We hear a lot about the ways in which technology has changed lives, but it's easy to forget just how technologically privileged some parts of the world are while others are not.

While many of us can easily hop on our computers, phones, and tablets to devour everything from the latest celebrity news to innovative medical advances, there are children in many parts of the world without access to the internet to complete their homework; teachers with outdated materials who can't search for a new study to share with their students; medical professionals who are unable to read about breakthroughs in their field in a daily email digest.


Image by Computer Aid, used with permission.

While the internet is an integral part of our lives, it's a critical missing component for so many — something that could vastly improve their experiences if they could only access it.

That's where the ZubaBox comes in.

Image by Computer Aid, used with permission.

A ZubaBox provides rural areas with solar internet centers, offering those who need it most a technology many of us take for granted.

So, what does that mean?

Solar panels are placed onto a container that's converted into a tech hub for people who do not have 24/7 access to the internet.

Image by SixZeroMedia/Computer Aid, used with permission.

The implications are life-changing.

David Barker, former chief executive of Computer Aid — the organization powering this technology — spoke to BusinessGreen about the impact:

"This allows the doctor to contact specialists in the city hospital, school children to access educational material, and local people to expand their businesses, David Barker [explained]. 'Now even the local bank comes round via Macha and it plugs into the internet link, sets up its little booth, and gives you your cash,' Barker said. 'Suddenly you’ve got teachers who want to work there because they can get paid.'”

Image by SixZeroMedia/Computer Aid, used with permission.

And this is just the beginning.

There are currently 10 ZubaBoxes located in neighborhoods throughout Zambia, Zimbabwe, Kenya, and Nigeria. And on May 26, 2016, South America received its first ZubaBox in Cazuca, Bogota. William Jimenez, regional coordinator at Tiempo de Juego, said this to Computer Aid:

"Since the Lab arrived, the younger generation has naturally been curious and excited but the emotion that this event has stirred in the elders has been really moving. The fact that someone has finally considered Cazucá a priority is not only important [because of the] technology and training provided, but also because of the optimism it inspires in the entire community."

The ZubaBoxes provide a necessary technology, but just as importantly, they provide hope and the promise of a path forward to communities that have long felt neglected.

Image by Computer Aid, used with permission.
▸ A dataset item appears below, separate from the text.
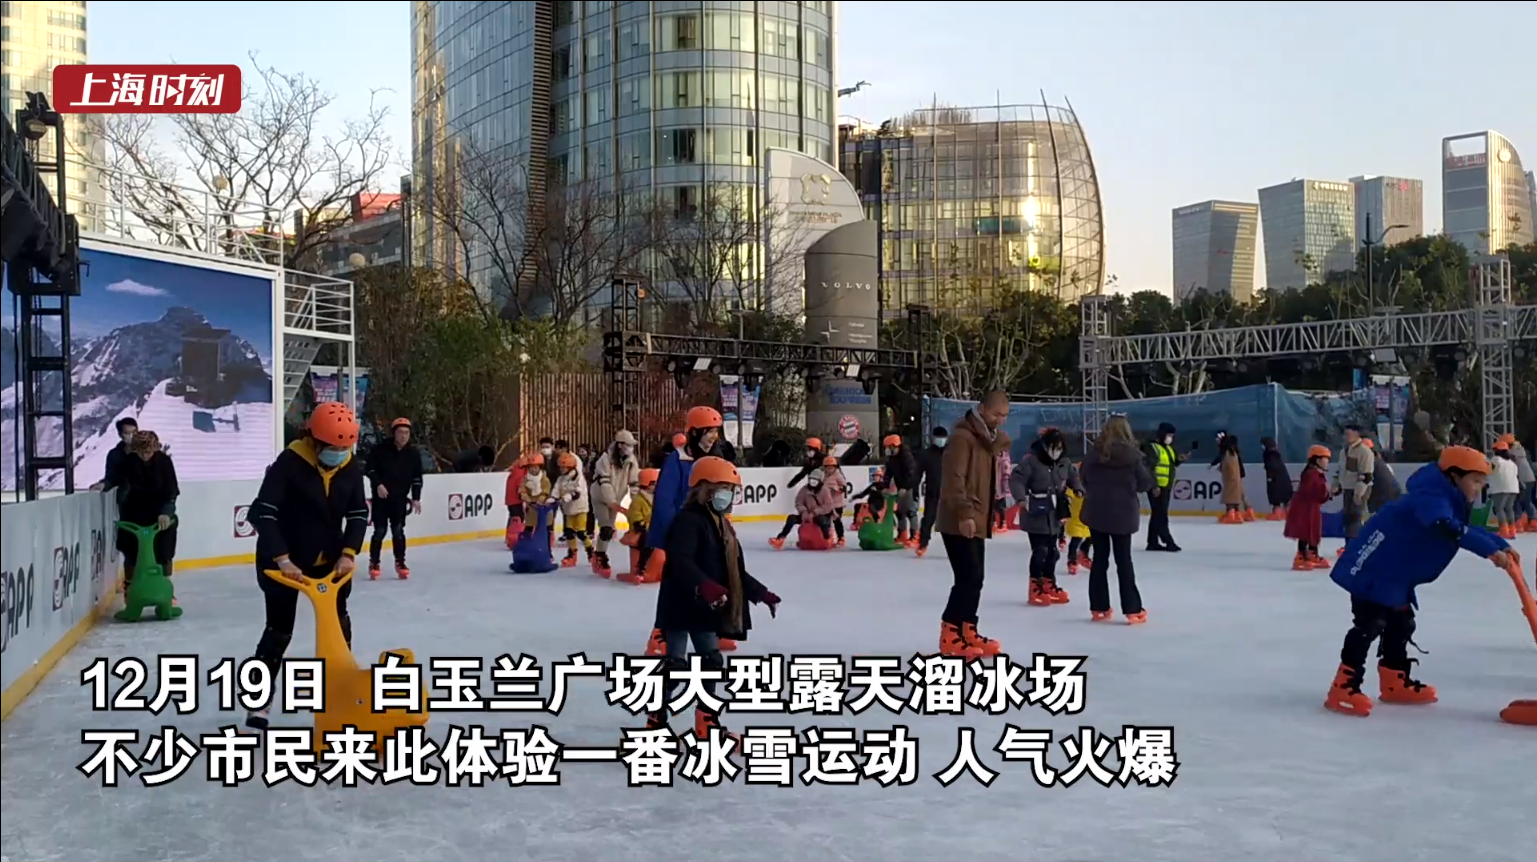 视频 | 沪上掀冰雪运动热潮 露天溜冰场上人气旺

Next stop? The Kakuma refugee camp.

Kakuma, located in Kenya, is one of the world's largest refugee camps.

Teachers at the Kakuma refugee camp are currently teaching 150 to 200 students at a time, with one textbook for every 10 students and no computers. Think about what a difference a ZubaBox will make for those kids. And think about what a difference it would make for those teachers.

Image by SixZeroMedia/Computer Aid, used with permission.
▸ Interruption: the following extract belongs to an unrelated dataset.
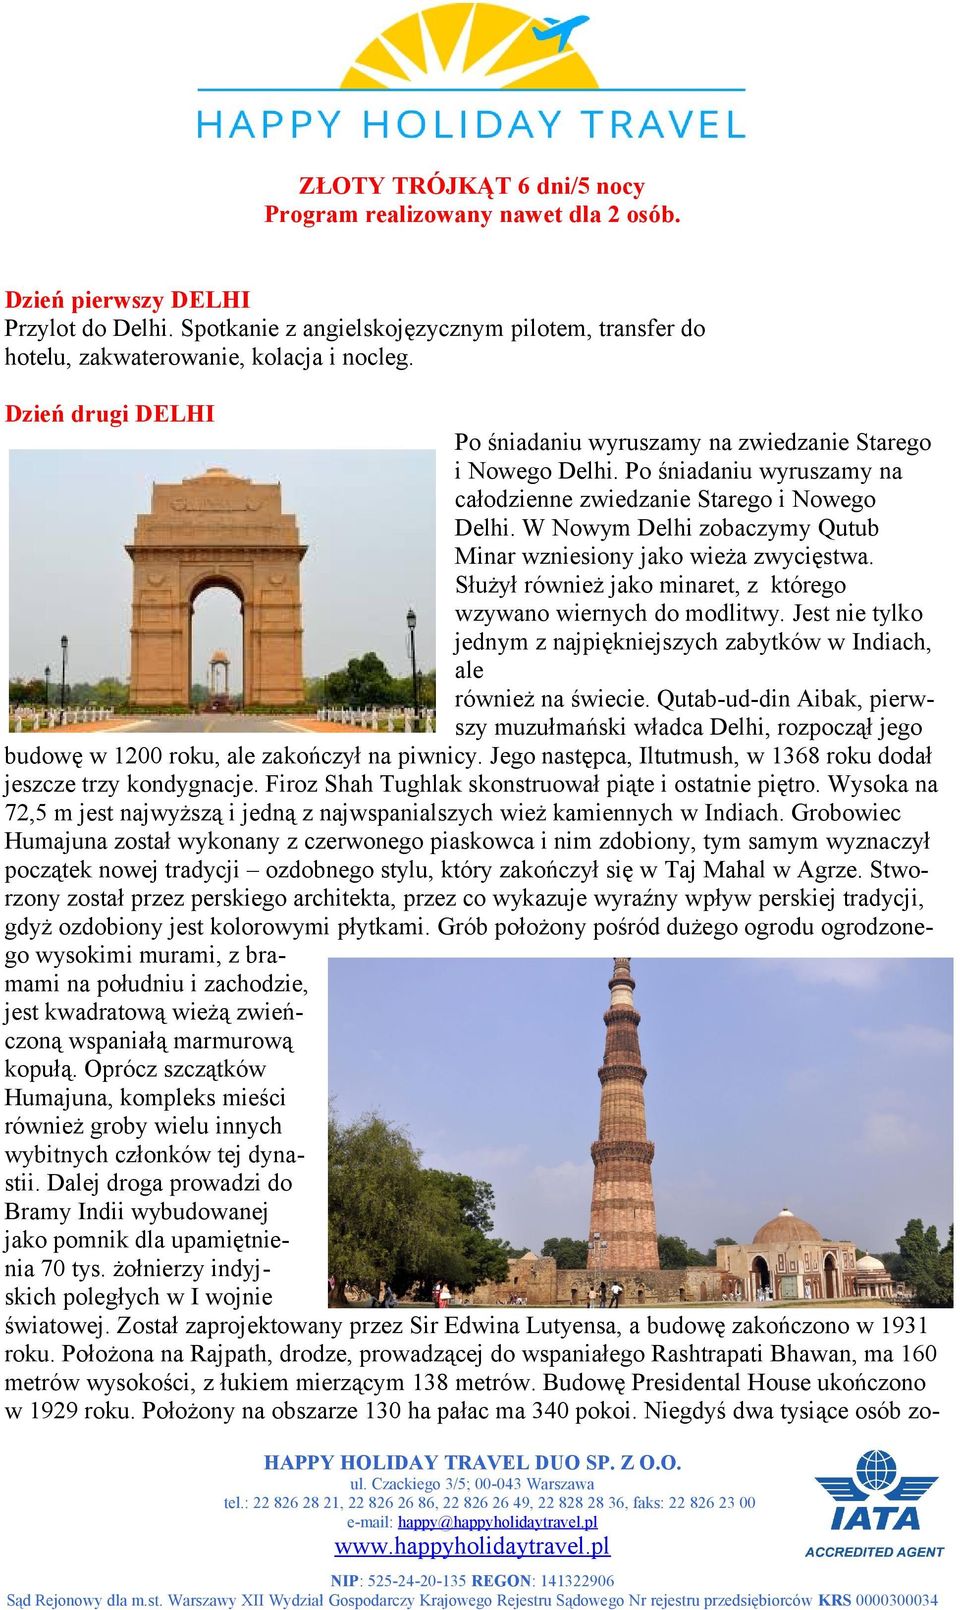 W Nowym Delhi zobaczymy Qutub Minar wzniesiony jako wieża zwycięstwa. Służył również jako minaret, z którego wzywano wiernych do modlitwy.
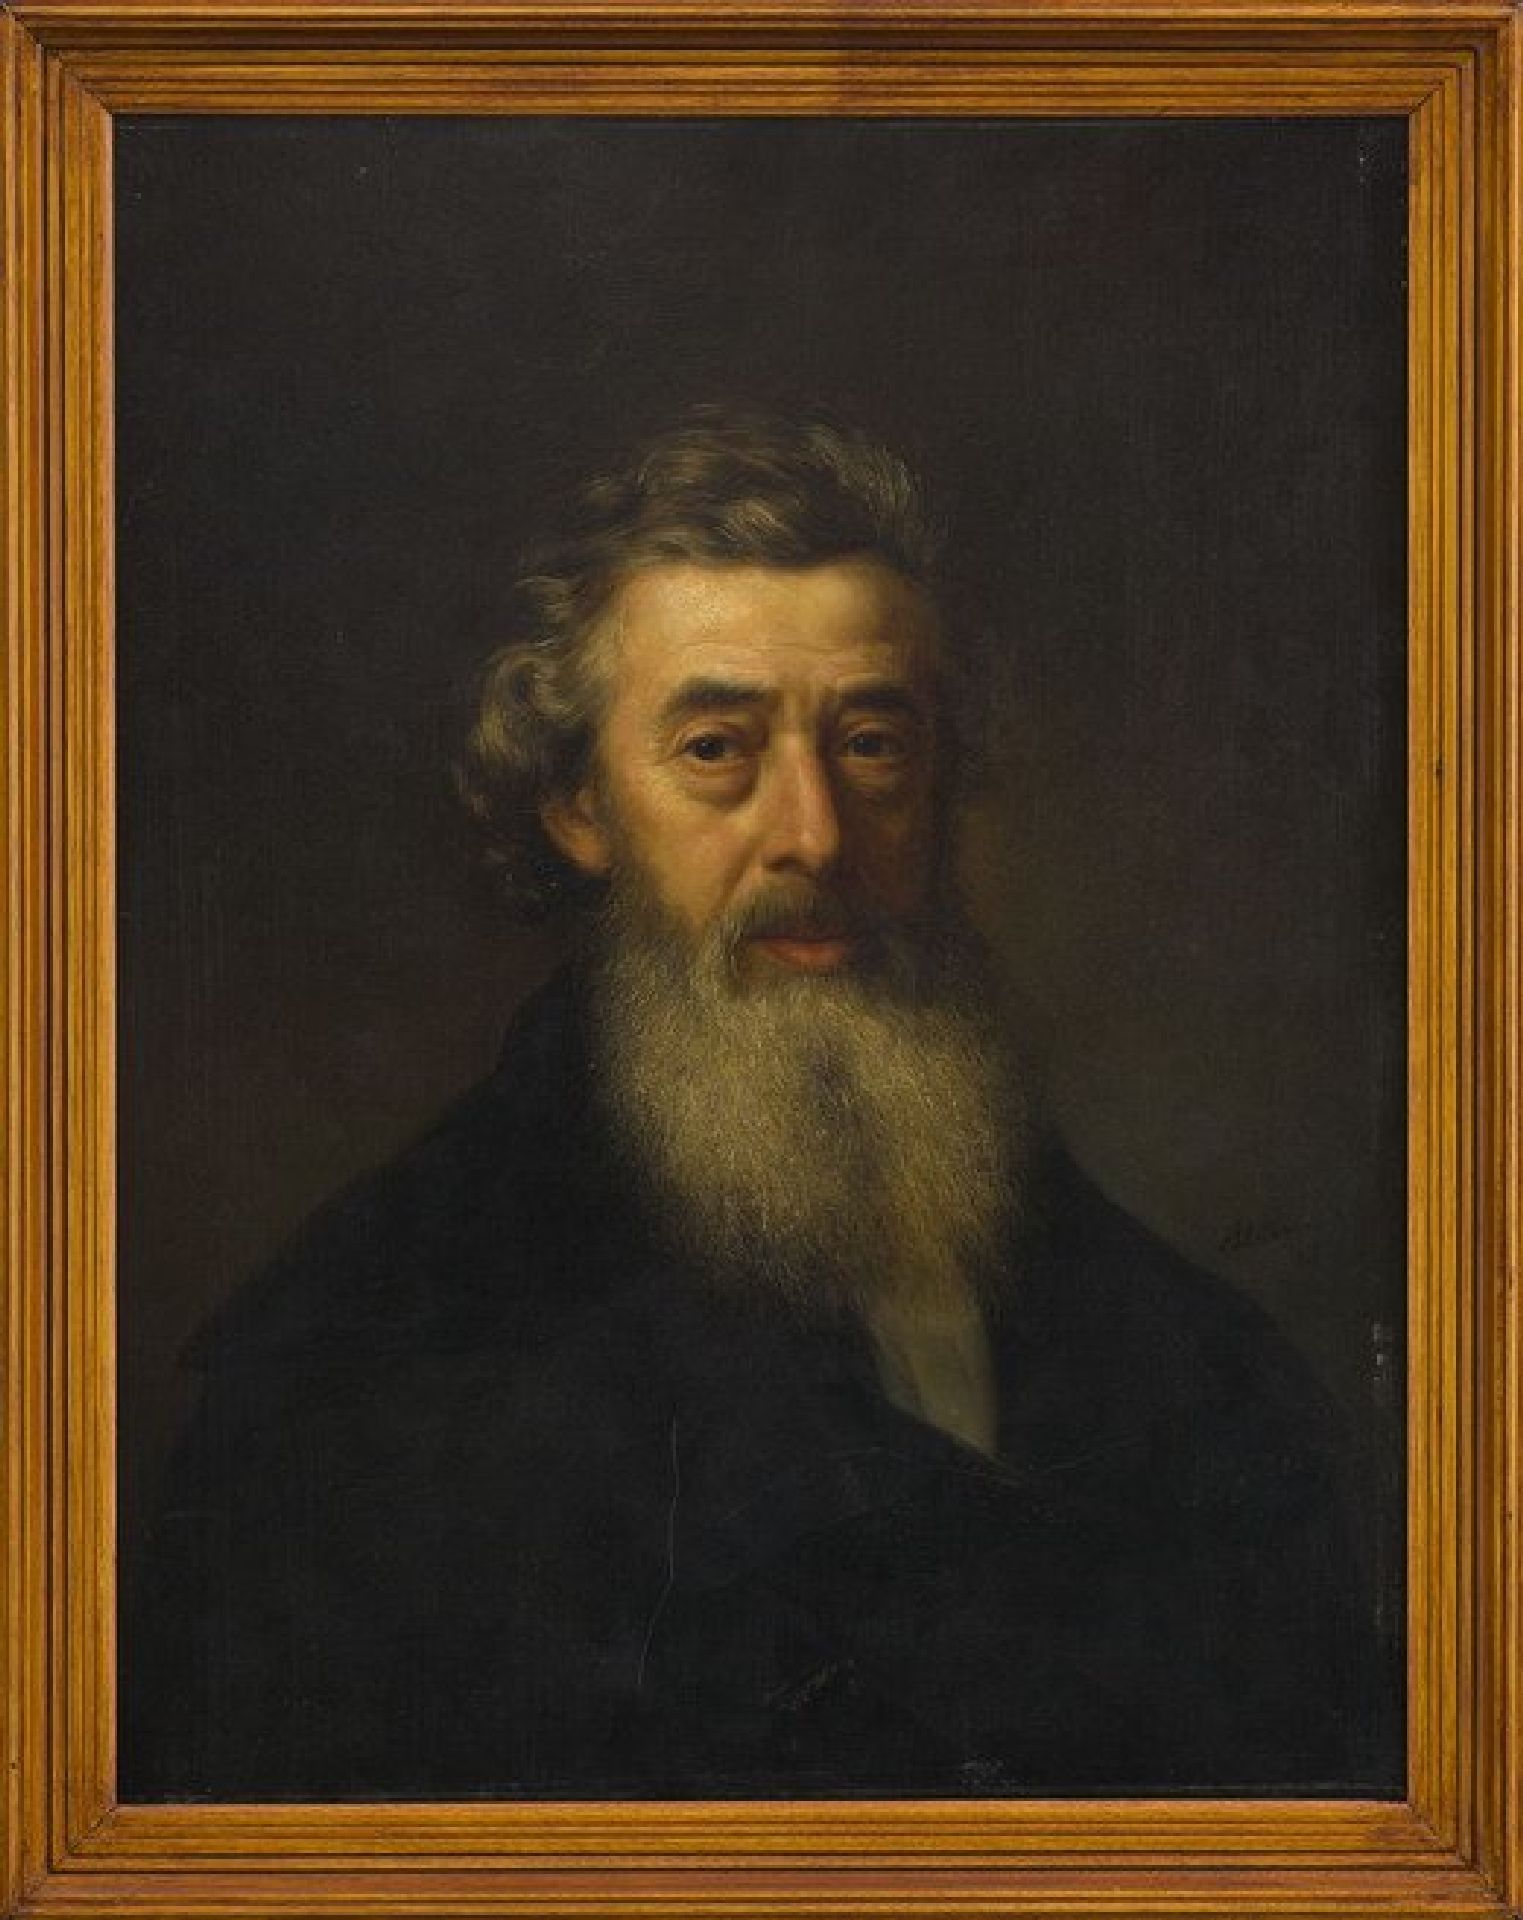 Portret van kunstenaar, kunstschilder, aquarellist en tekenaar 'Jacobus' Theodorus Abels

SAVIC, an organization run by Kakuma refugees, is working hard to raise awareness and funding for the ZubaBox. They aim to provide up to 1,800 young refugees an outlet through which they can expand their horizons, connect with the modern world, and share their stories.

If their efforts are rewarded, they'll be able to provide their community with access to what is quickly becoming a basic necessity, one that can show them options for how to begin to rebuild.

Watch this video to see how the ZubaBoxes are built.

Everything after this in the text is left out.